If it finds that it didn’t actually reduce the file size, it restores the original. Otherwise, the original is gone, and your disk space is reclaimed.

It provides some verbose output telling you how much it reduced each file, and then gives an overall total reduction in MB when it’s complete.

This script could be polished up more, but even as it is I think it’s a lot better than the confusing and error-riddled suggestion I found on StackOverflow (on which it’s very loosely based, combined with a healthy dose of consulting the official PHP documentation). Enjoy!
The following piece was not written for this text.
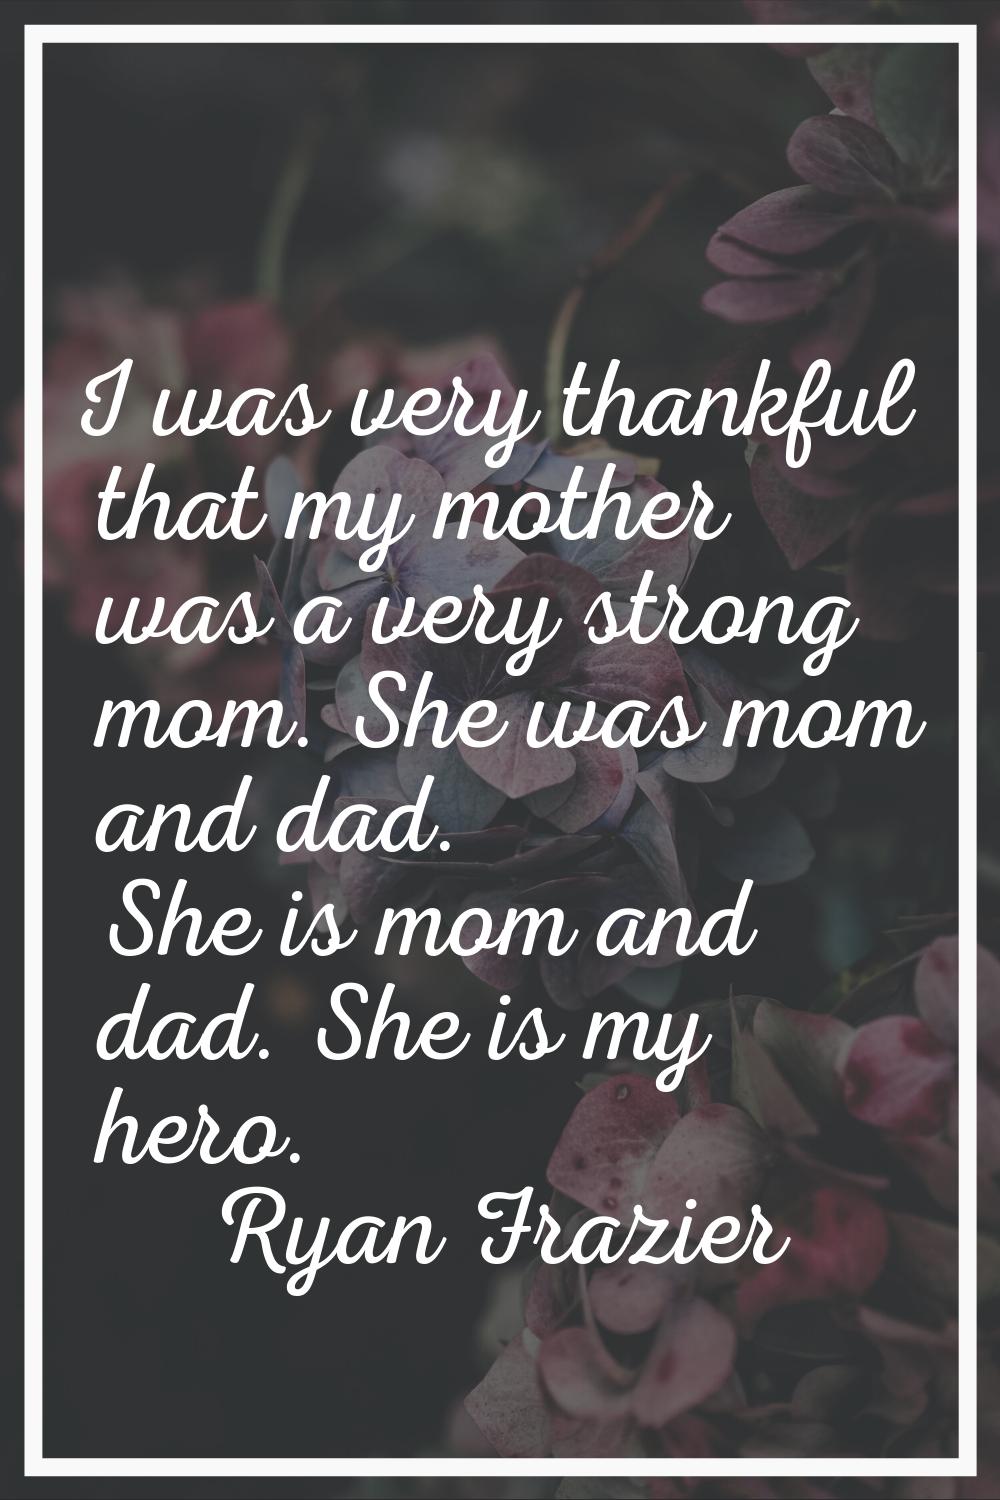 I was very thankful that my mother was a very strong mom. She was mom and dad. She is mom and dad.

// Get the list of files from the current directory
$images = glob('*');

// We'll tally up our savings
$total = 0;

// Loop through all of the files and run the function on them
foreach ($images as $file) {
  $formats = array('png', 'jpg', 'jpeg');
  $ext = strtolower(pathinfo($file, PATHINFO_EXTENSION));
  
  // We only want to process PNG or JPEG images
  if (in_array($ext, $formats)) {
    $total = $total + resize_image($file);
  }
}

// All done; tell us how we did
echo "=====================\n" .
     "SHRINK COMPLETE\n" .
     "TOTAL REDUCTION: " . round($total / 1024, 2) . " MB" .
     "\n\n";


// The resizing function (obviously)
function resize_image($file) {
  $formats = array('png', 'jpg', 'jpeg');
  $ext = strtolower(pathinfo($file, PATHINFO_EXTENSION));
  
  // Yes this is a redundant format check, just to be safe
  if (in_array($ext, $formats)) {
  
    // Get the old file size for later reference
    $old_size = round(filesize($file) / 1024, 2);
    
    // Set our maximum allowed width
    $max_w = 1600;
    
    // Get the dimensions and aspect ratio of the original file
    list($old_w, $old_h) = getimagesize($file);
    $ratio = $old_h / $old_w;
    
    // Set the new dimensions
    // Shrink to $max_w, 1/2 of $max_w or 1/4 of $max_w, depending on original size
    // >= is important so we don't keep cutting the dimensions in half if we run it again!
    $new_w = ($old_w >= $max_w) ? $max_w : (($old_w >= $max_w / 2) ? $max_w / 2 : $max_w / 4);
    $new_h = $new_w * $ratio;
    
    // Create our new image canvas
    $new_img = imagecreatetruecolor($new_w, $new_h);
    
    // Get the original image, minding the source format
    $old_img = ($ext == 'png') ? imagecreatefrompng($file) : imagecreatefromjpeg($file);
    
    // Scale down the original image and copy it into the new image
    imagecopyresampled($new_img, $old_img, 0, 0, 0, 0, $new_w, $new_h, $old_w, $old_h);
    
    // Keep a backup of the old file, for the moment
    rename($file, $file . '_BAK');
    
    // Save the newly reduced PNG...
    if ($ext == 'png') {
      imagepng($new_img, $file, 9, PNG_ALL_FILTERS);
    }
    // ...or the newly reduced JPEG
    else {
      imagejpeg($new_img, $file, 70);
    }
    
    // Did it work?
    if (file_exists($file)) {
    
      // Get the size of the new file, and the difference
      $new_size = round(filesize($file) / 1024, 2);
      $diff = $old_size - $new_size;
      
      // Hold up -- the old one is smaller! We'll restore it
      if ($diff < 0) {
        echo "Unable to reduce size of " . $file . "; original file restored.\n";
        unlink($file);
        rename($file . '_BAK', $file);
        
        // We're returning the KB savings, which is 0 in this case
        return 0;
      }
      
      // We reduced the file successfully, let's report success and delete the backup
      else {
        $pct = round(($diff / $old_size) * 100, 2);
        unlink($file . '_BAK');
        echo "Shrunk " . $file . " from " . $old_size . " KB to " . $new_size . " KB (" . $pct . "% reduction)\n";
      }
    }
    
    // It didn't work; report the error and restore the backup
    else {
      echo "Error processing " . $file . "; original file restored.\n";
      rename($file . '_BAK', $file);
      return 0;
    }
    
    // Pass back the KB savings so we can calculate a grand total
    return $diff;
  }
  
  // We didn't do anything so return 0 to keep the running total going
  return 0;
}

P.S. As always, all code samples are provided as-is with no warranty. Don't blame me if you use this and it blows something up!

P.P.S. I finally bothered to install prism.js on here for this. Now I need to back through and edit all of my older posts with code samples in them. Ugh.